Still, there may be a couple of reallocations as the string grows.
But we can do even better.
3) One Allocation, Backward Fill
We know in advance how many digits a number will have.
If we pre-size the string and fill it backwards, we eliminate reallocation and reversals.
#include <string>
#include <cstdint>
static inline unsigned ulen10_u32(uint32_t x) {
if (x >= 1000000000u) return 10;
if (x >= 100000000u) return 9;
if (x >= 10000000u) return 8;
if (x >= 1000000u) return 7;
if (x >= 100000u) return 6;
if (x >= 10000u) return 5;
if (x >= 1000u) return 4;
if (x >= 100u) return 3;
if (x >= 10u) return 2;
return 1;
}
std::string itoa_single_alloc(int v) {
bool neg = v < 0;
uint32_t u = neg
? static_cast<uint32_t>(-static_cast<long long>(v))

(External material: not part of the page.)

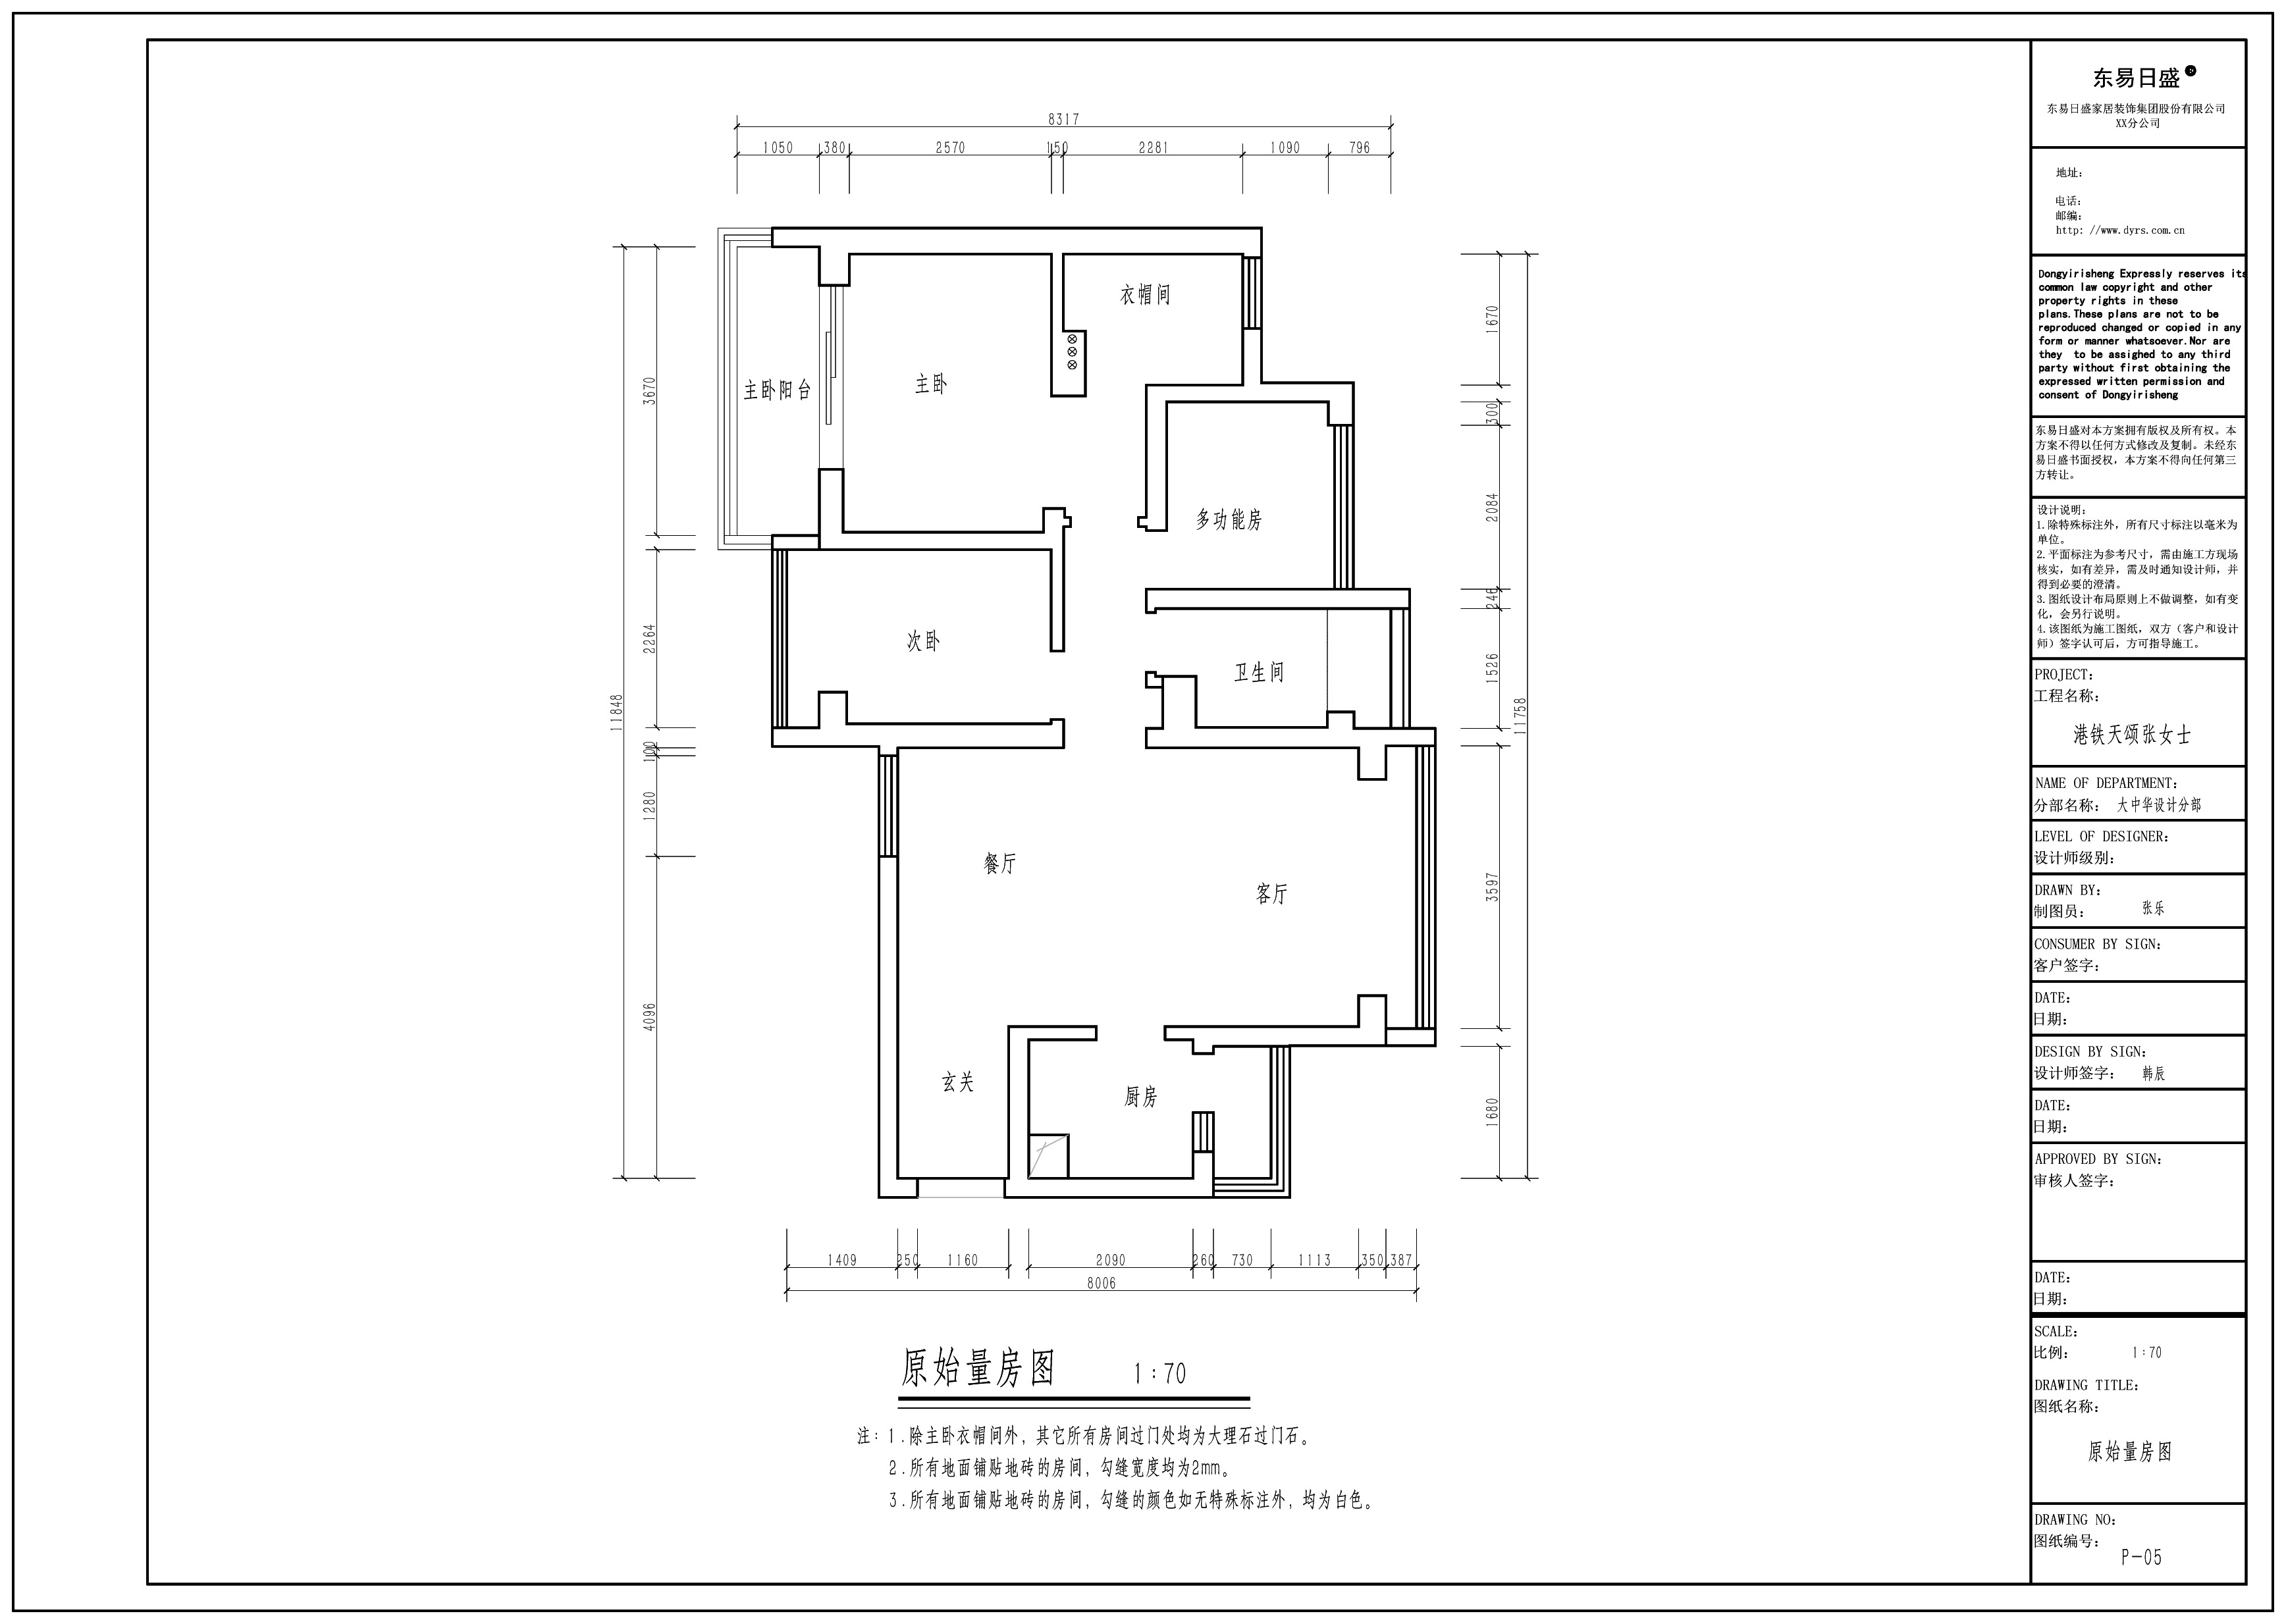 港铁天颂 现代简约装修效果图 三室两厅 89平米装修设计理念

: static_cast<uint32_t>(v);
unsigned len = ulen10_u32(u) + (neg ? 1u : 0u);
std::string s;
s.resize(len);
char* p = s.data() + len;
do {
*--p = char('0' + (u % 10));
u /= 10;
} while (u);
if (neg) *--p = '-';
return s; // NRVO / move elision
}
Here, we resize once (often no heap at all, then fill digits backwards.
Exactly one allocation.
Since most modern std::string implementations keep a small buffer inline inside the string object itself. This means short strings don’t allocate on the heap at all.
4) High Performance: Digit Pair Table
To go even faster, we can write two digits at a time.

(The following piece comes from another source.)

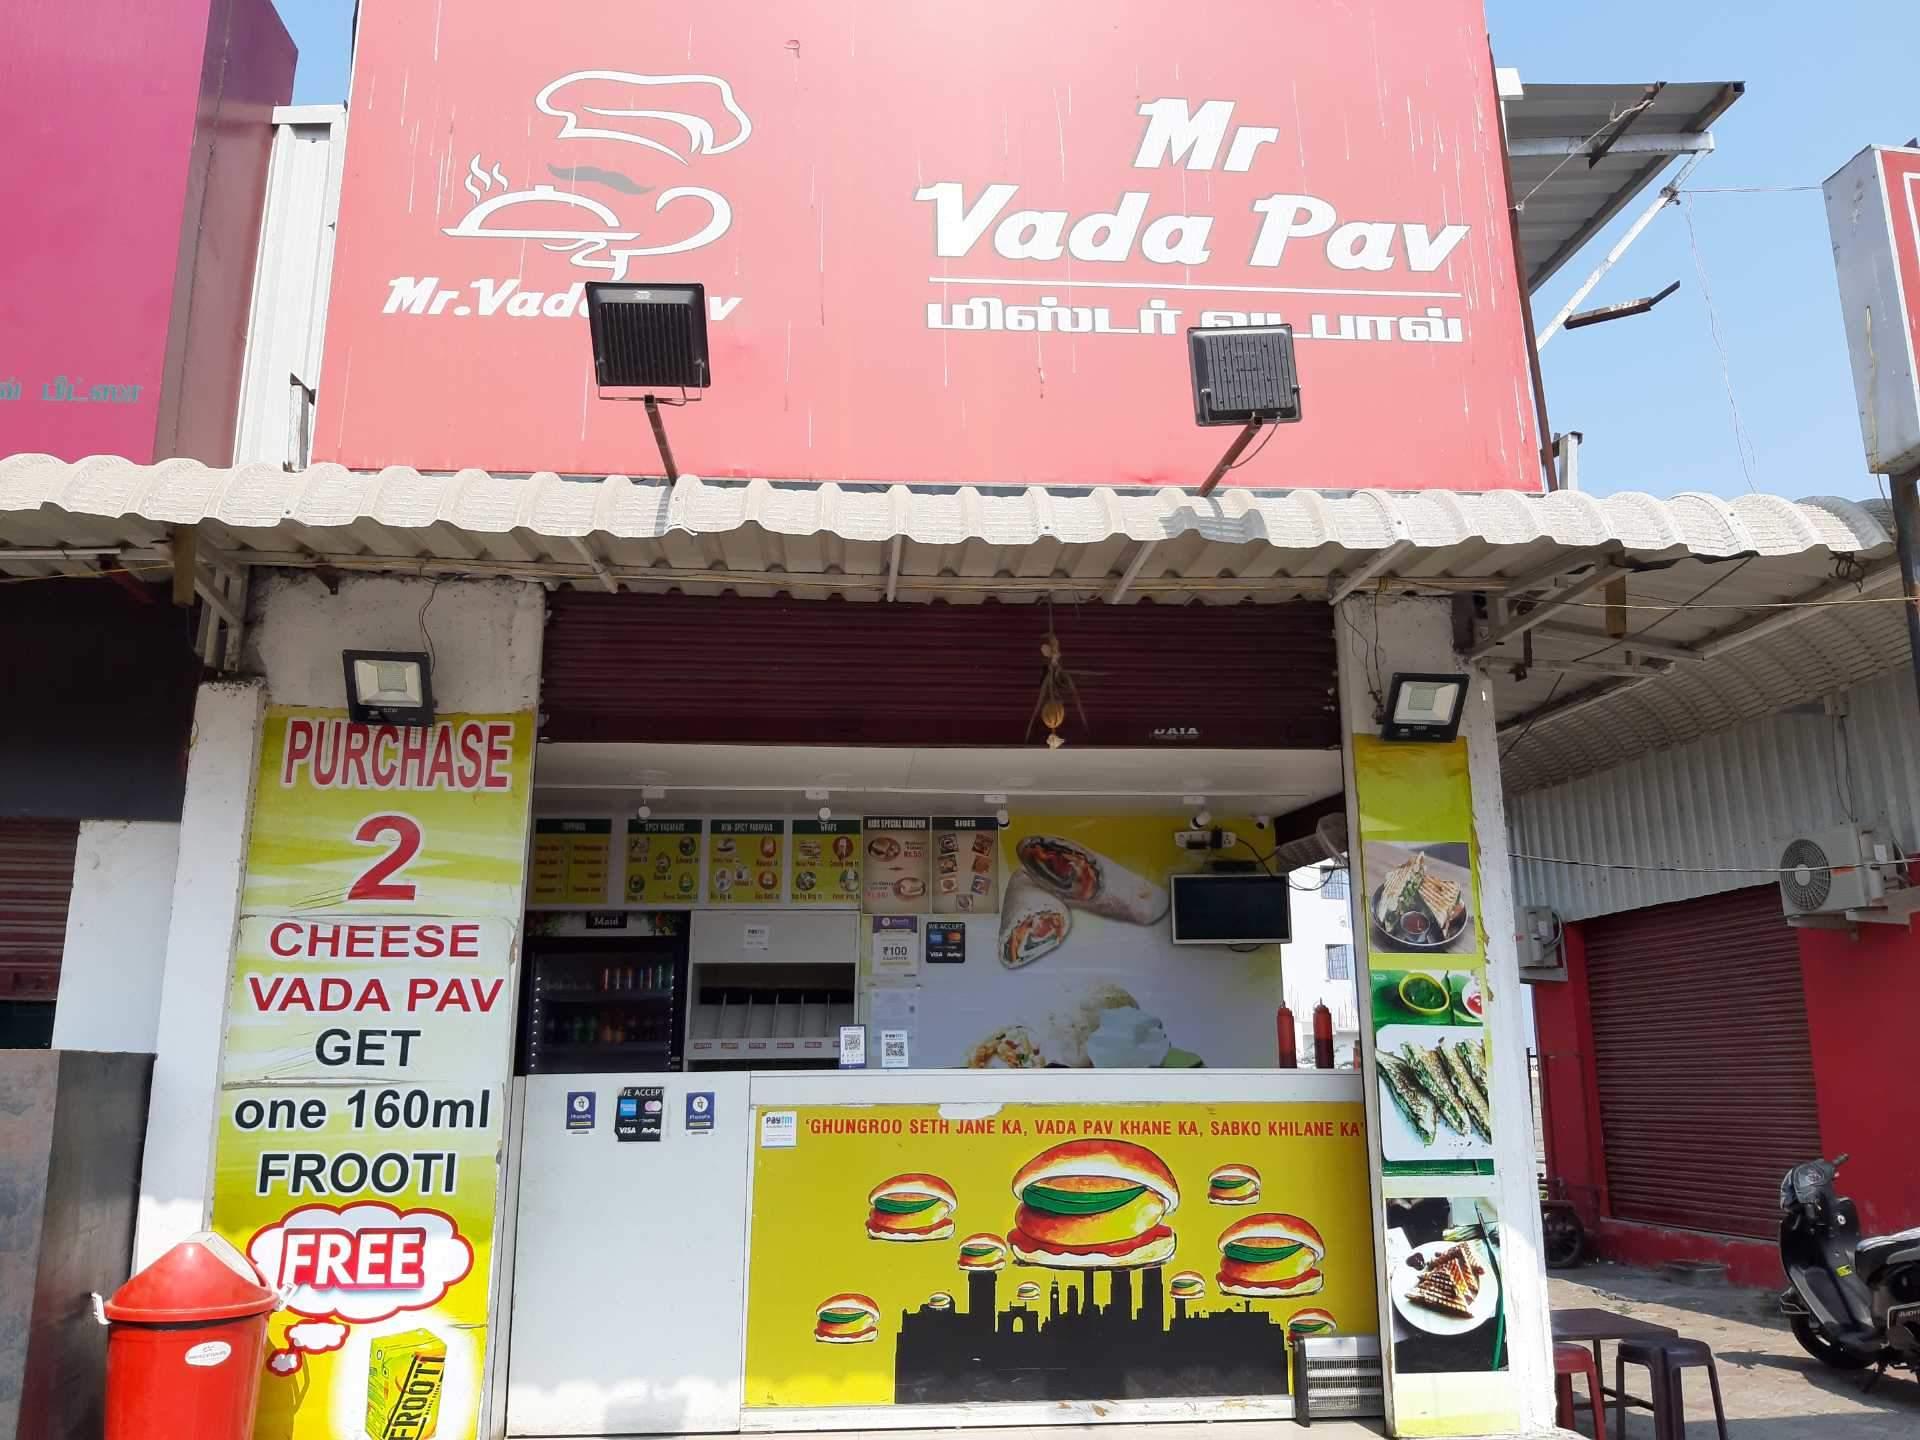 MR Vada Pav Kelambakkam Chennai   Street Food Cuisine 1920x1440

Instead of repeated / 10 and % 10, we use / 100 and % 100, then look up both characters from a table:
#include <string>
#include <cstdint>
static const char digit_pairs[] =
"0001020304050607080910111213141516171819"
"2021222324252627282930313233343536373839"

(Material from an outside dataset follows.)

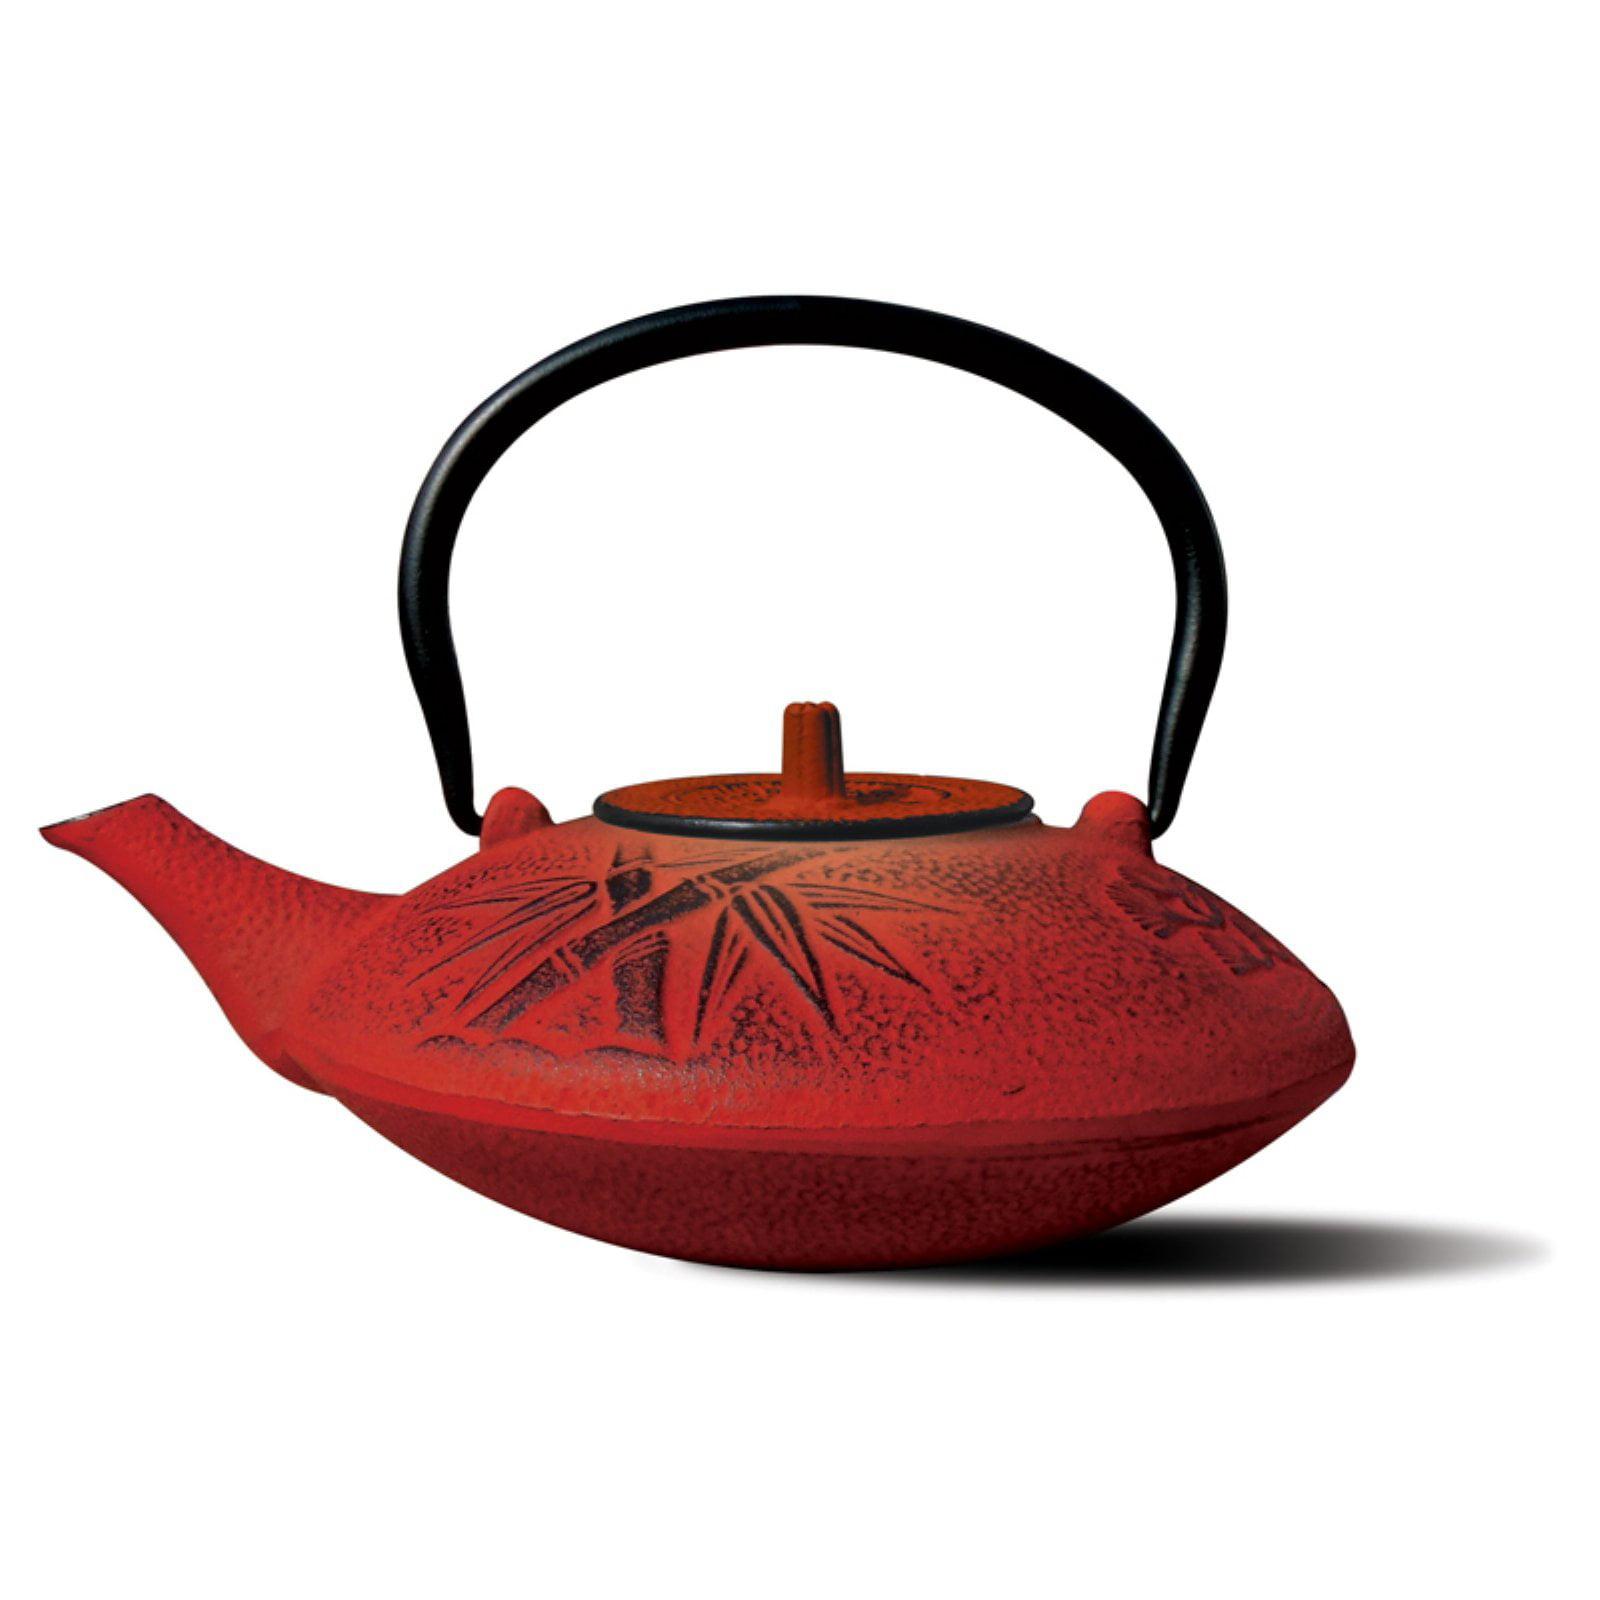 Old Dutch Red Cast Iron Sakura Teapot - 37 oz.

"4041424344454647484950515253545556575859"
"6061626364656667686970717273747576777879"
"8081828384858687888990919293949596979899";
static inline unsigned ulen32(uint32_t x) {
if (x >= 1000000000u) return 10;
if (x >= 100000000u) return 9;
if (x >= 10000000u) return 8;
if (x >= 1000000u) return 7;
if (x >= 100000u) return 6;
if (x >= 10000u) return 5;
if (x >= 1000u) return 4;
if (x >= 100u) return 3;
if (x >= 10u) return 2;
return 1;
}
std::string efficient_itoa(int v) {
bool neg = v < 0;
uint32_t u = neg
? static_cast<uint32_t>(-static_cast<long long>(v))
: static_cast<uint32_t>(v);
unsigned len = ulen32(u) + (neg ? 1u : 0u);
std::string s;
s.resize(len);
char* p = s.data() + len;
while (u >= 100) {
unsigned two = (u % 100) * 2;
u /= 100;
*--p = digit_pairs[two + 1];
*--p = digit_pairs[two + 0];
}
if (u >= 10) {
unsigned two = u * 2;
*--p = digit_pairs[two + 1];
*--p = digit_pairs[two + 0];
} else {
*--p = char('0' + u);
}
if (neg) *--p = '-';
return s;
}
Why is this fast?
- Half as many divisions.
- Branches are simple and predictable.
- Still only one allocation (and most likely none).